Here's a complete example of a pipeline that first multiplies every element by a factor, then adds a constant:
import io.computenode.cyfra.core.{GBufferRegion, GExecution, GProgram}
import io.computenode.cyfra.core.layout.Layout
import io.computenode.cyfra.dsl.{*, given}
import io.computenode.cyfra.runtime.VkCyfraRuntime
case class MulParams(factor: Float32) extends GStruct[MulParams]
case class AddParams(addend: Float32) extends GStruct[AddParams]
case class MulLayout(input: GBuffer[Float32], output: GBuffer[Float32], params: GUniform[MulParams]) extends Layout
case class AddLayout(input: GBuffer[Float32], output: GBuffer[Float32], params: GUniform[AddParams]) extends Layout
case class MulAddLayout(
input: GBuffer[Float32],
multiplied: GBuffer[Float32],
output: GBuffer[Float32],
mulParams: GUniform[MulParams],
addParams: GUniform[AddParams]
) extends Layout
@main def pipelineExample(): Unit =
given runtime: VkCyfraRuntime = VkCyfraRuntime()
val mulProgram: GProgram[Int, MulLayout] = GProgram.static[Int, MulLayout](
layout = size => MulLayout(
input = GBuffer[Float32](size),
output = GBuffer[Float32](size),
params = GUniform[MulParams]()
),
dispatchSize = size => size
) { layout =>
val idx = GIO.invocationId
GIO.when(idx < 256) {
val value = GIO.read(layout.input, idx)
val factor = layout.params.read.factor
GIO.write(layout.output, idx, value * factor)
}
}
val addProgram: GProgram[Int, AddLayout] = GProgram.static[Int, AddLayout](
layout = size => AddLayout(
input = GBuffer[Float32](size),
output = GBuffer[Float32](size),
params = GUniform[AddParams]()
),
dispatchSize = size => size
) { layout =>
val idx = GIO.invocationId
GIO.when(idx < 256) {
val value = GIO.read(layout.input, idx)
val addend = layout.params.read.addend
GIO.write(layout.output, idx, value + addend)
}
}
// Compose into a pipeline: multiply then add
val mulAddPipeline: GExecution[Int, MulAddLayout, MulAddLayout] =
GExecution[Int, MulAddLayout]()
.addProgram(mulProgram)(
size => size,
layout => MulLayout(layout.input, layout.multiplied, layout.mulParams)
)
.addProgram(addProgram)(
size => size,
layout => AddLayout(layout.multiplied, layout.output, layout.addParams)
)
val size = 256
val inputData = (0 until size).map(_.toFloat).toArray
val results = Array.ofDim[Float](size)
GBufferRegion
.allocate[MulAddLayout]
.map { layout =>
mulAddPipeline.execute(size, layout)
}
.runUnsafe(
init = MulAddLayout(
input = GBuffer(inputData),
multiplied = GBuffer[Float32](size),
output = GBuffer[Float32](size),
mulParams = GUniform(MulParams(3.0f)),
addParams = GUniform(AddParams(100.0f))
),
onDone = layout => layout.output.readArray(results)
)
println("Pipeline: input -> multiply by 3 -> add 100")

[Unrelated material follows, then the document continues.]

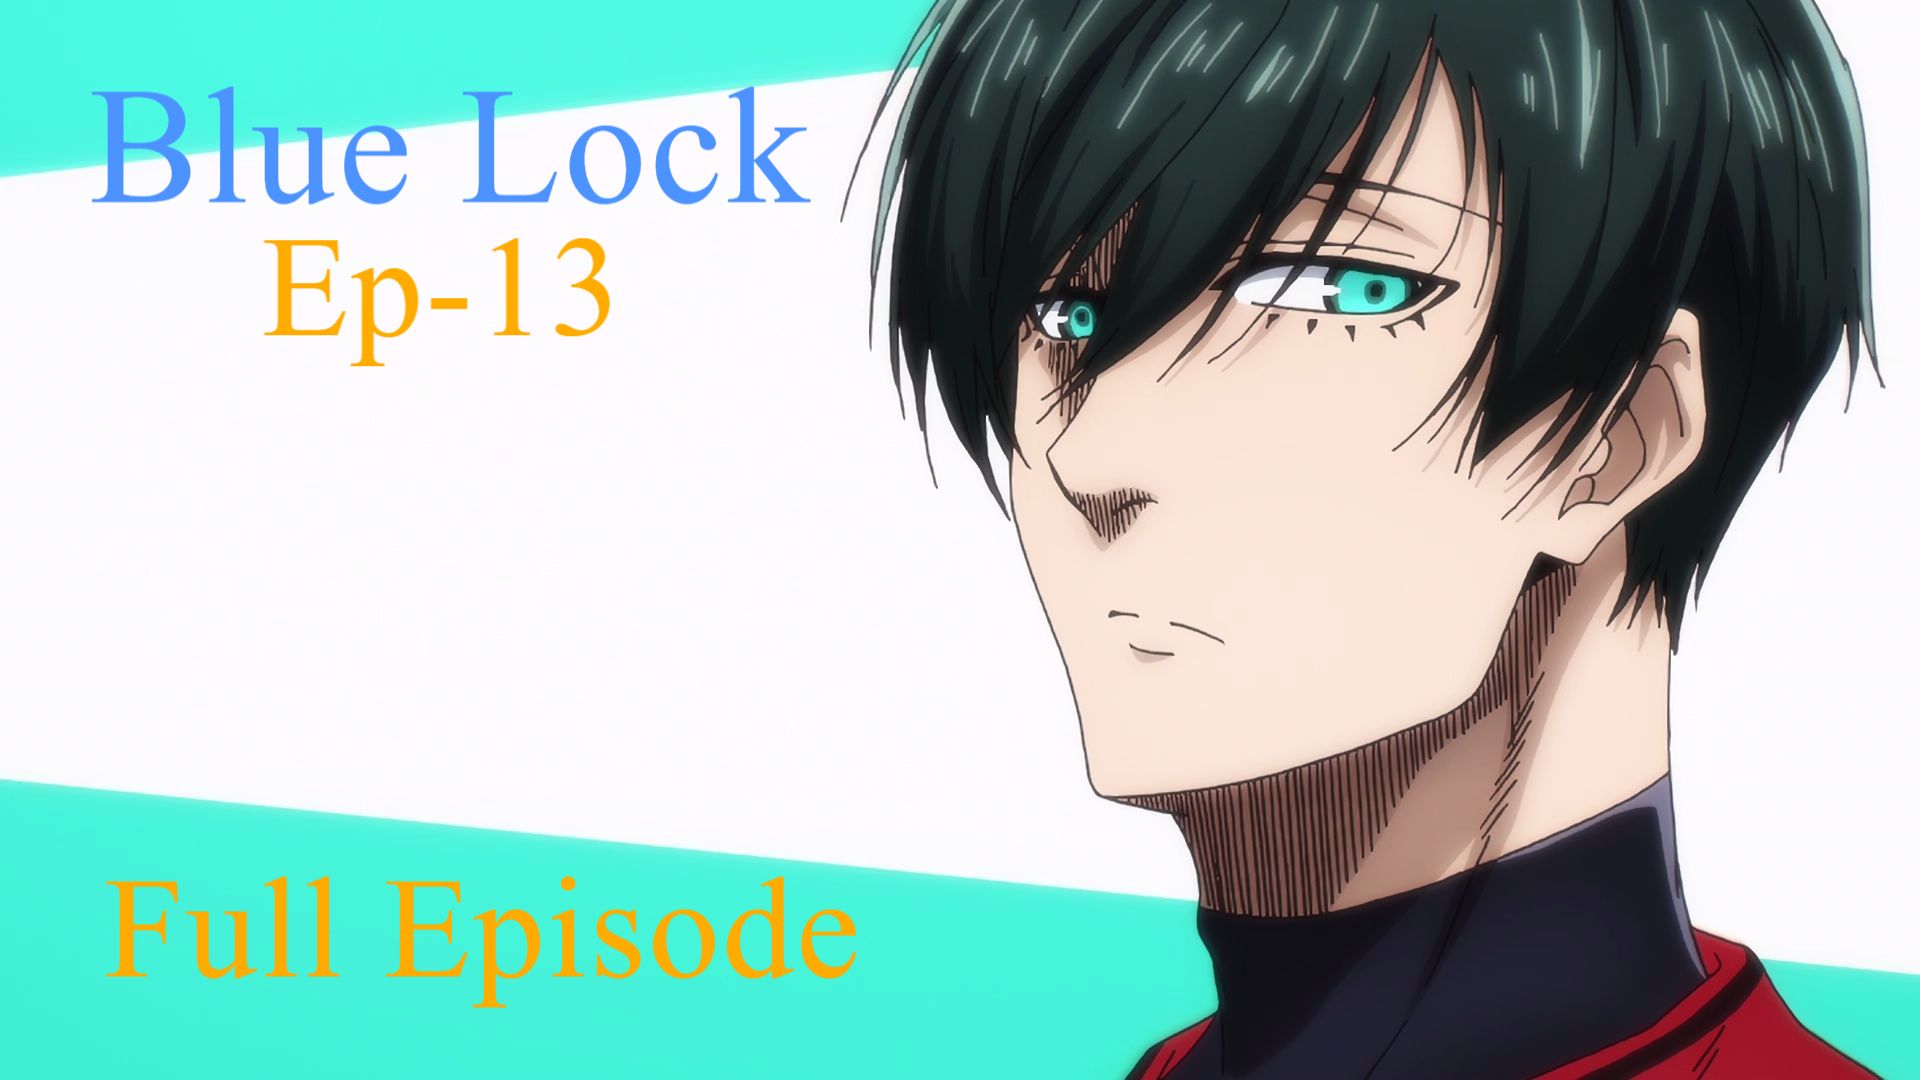 Blue Lock Episode 13 Release Date

println(s"Input: ${inputData.take(5).mkString(", ")}...")
println(s"Output: ${results.take(5).mkString(", ")}...")
// Output: 100.0, 103.0, 106.0, 109.0, 112.0...
runtime.close()
Each addProgram call specifies how to map the pipeline's parameters to the program's parameters, and how to extract the program's layout from the pipeline's layout. The multiply program writes to multiplied, which the add program then reads from. The intermediate buffer never leaves the GPU.

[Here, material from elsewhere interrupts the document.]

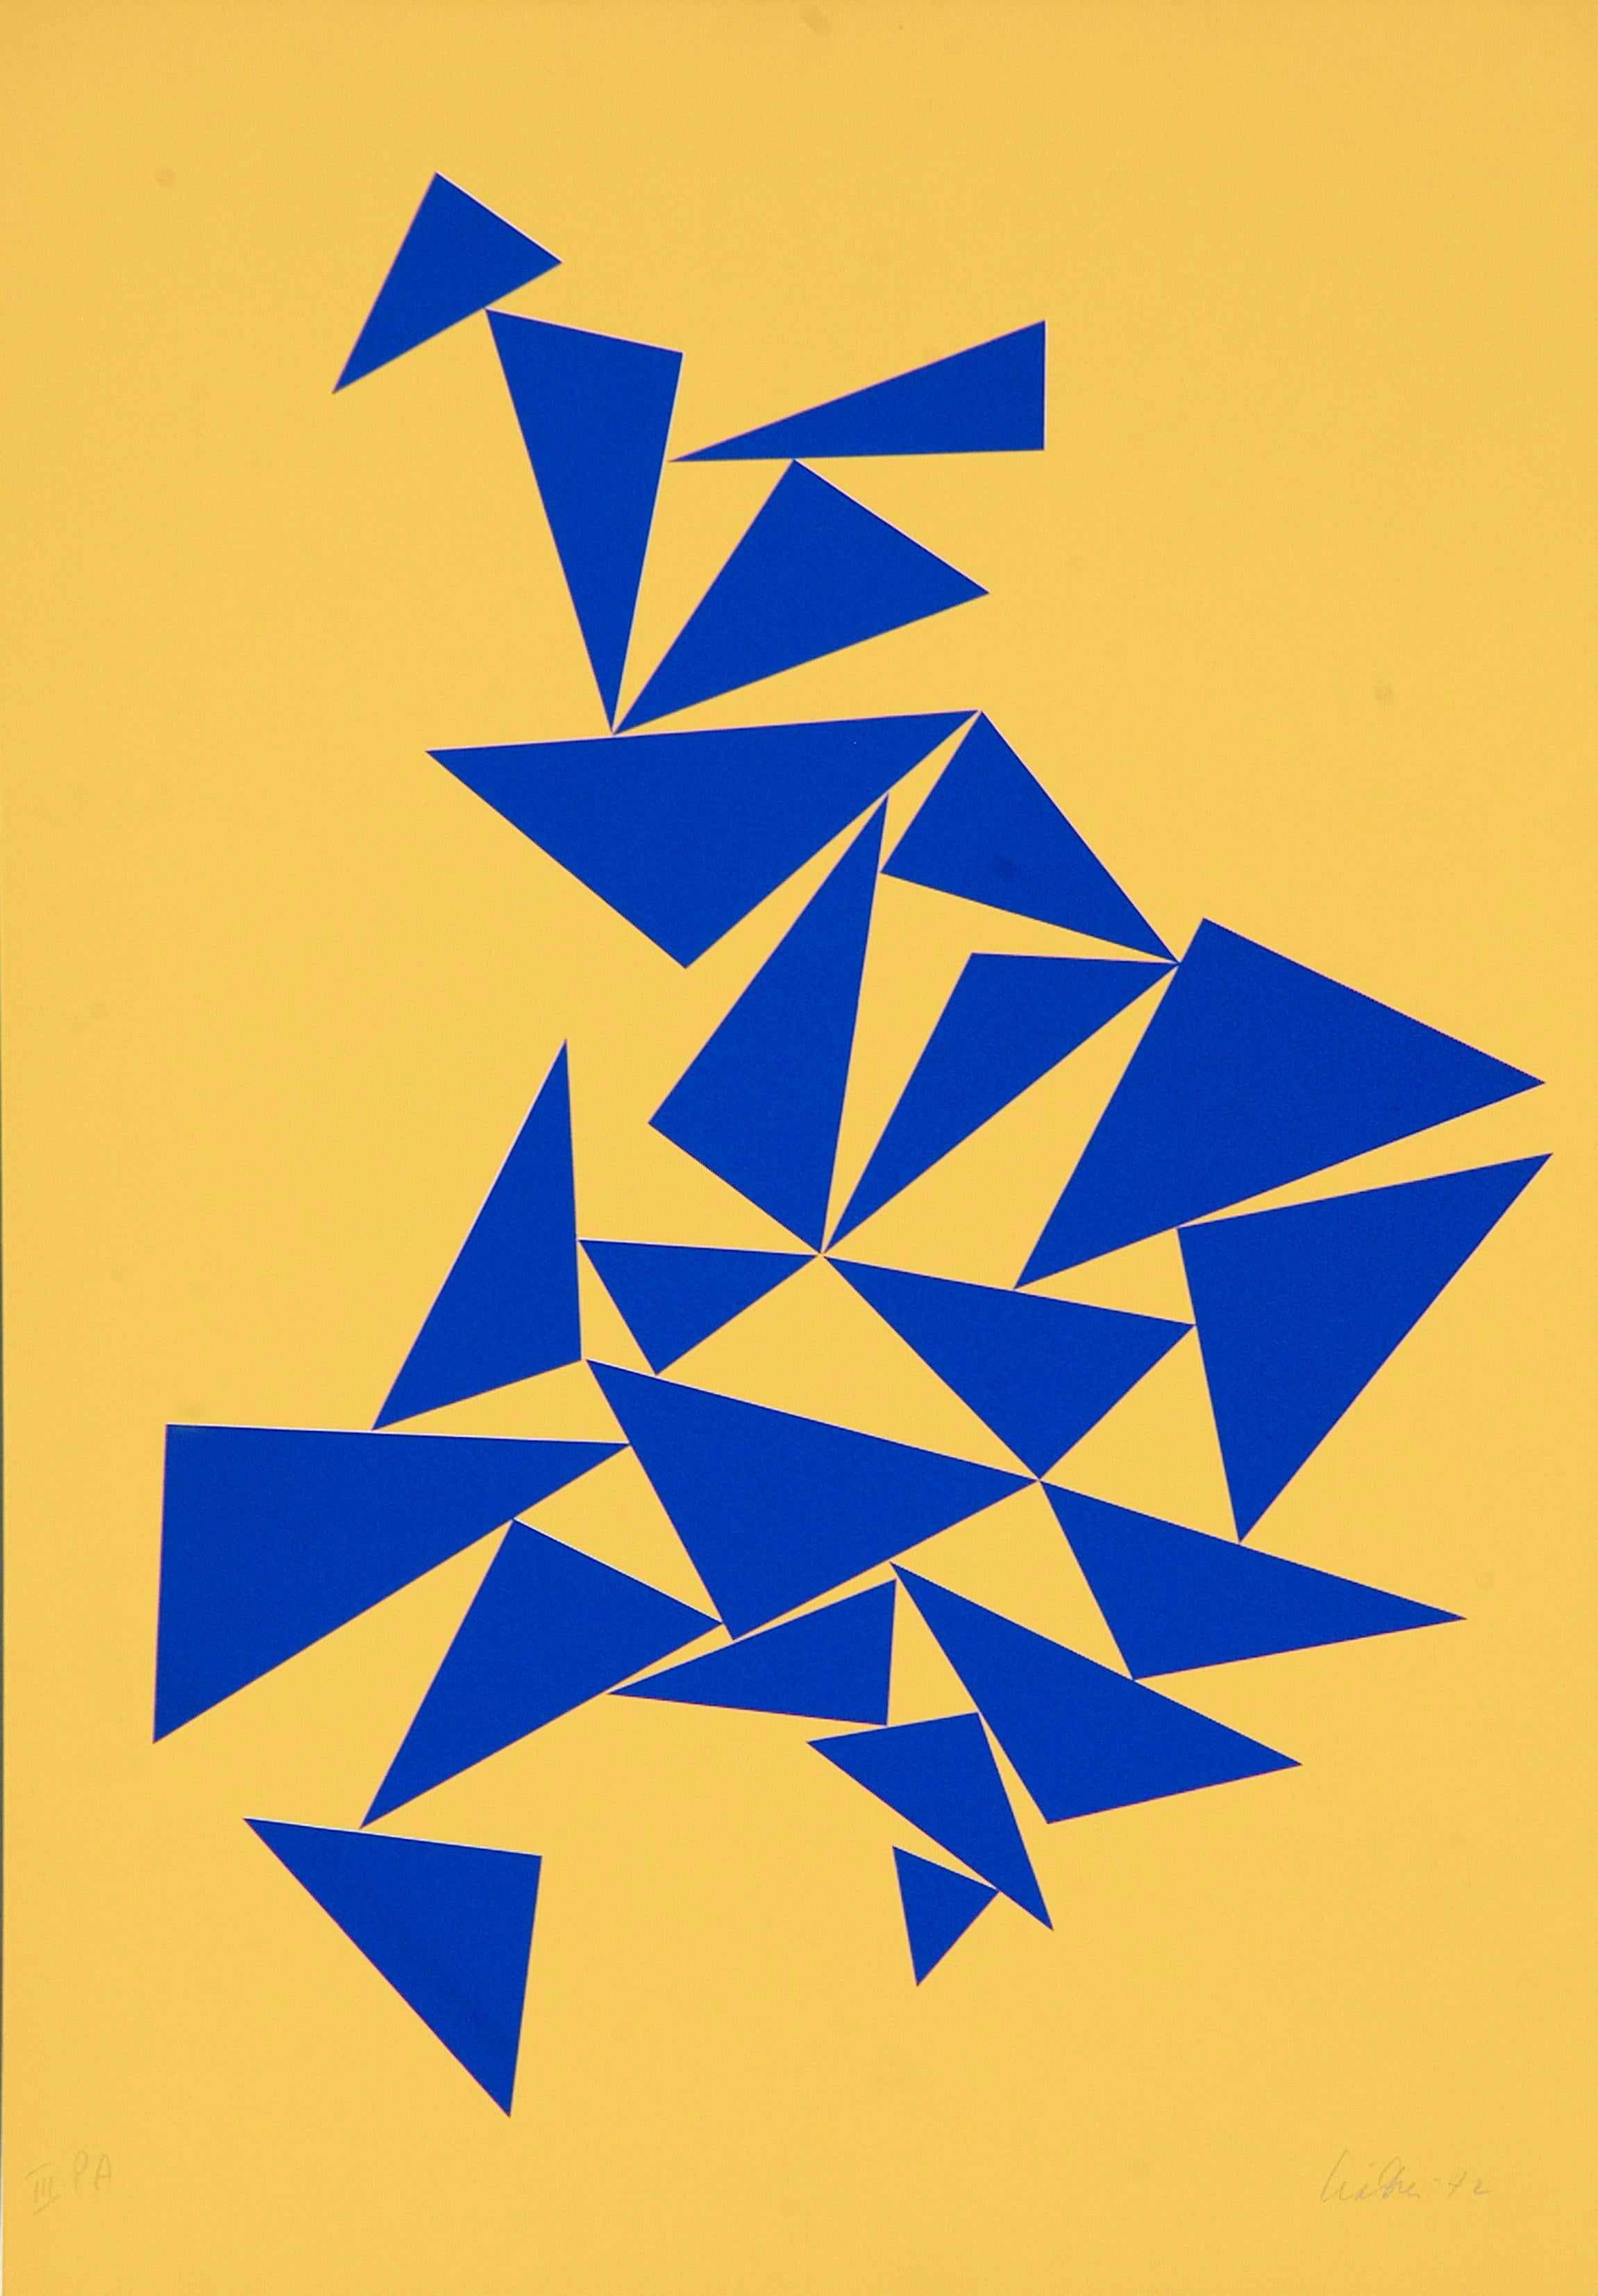 Triangles on Yellow - Screen Print by Lia Drei - 1970 ca.

When to Use GProgram vs GFunction
GFunction is the right choice when you have a straightforward array transformation and want minimal boilerplate. It handles buffer management, dispatch configuration, and data transfer automatically.
GProgram becomes necessary when you need:
- Multiple passes over data without CPU round-trips
- Complex buffer layouts with multiple inputs and outputs
- Fine control over workgroup sizes and dispatch dimensions
- Integration with existing SPIR-V shaders
The two approaches complement each other. In fact, GFunction is implemented on top of GProgram internally, adding convenience at the cost of flexibility.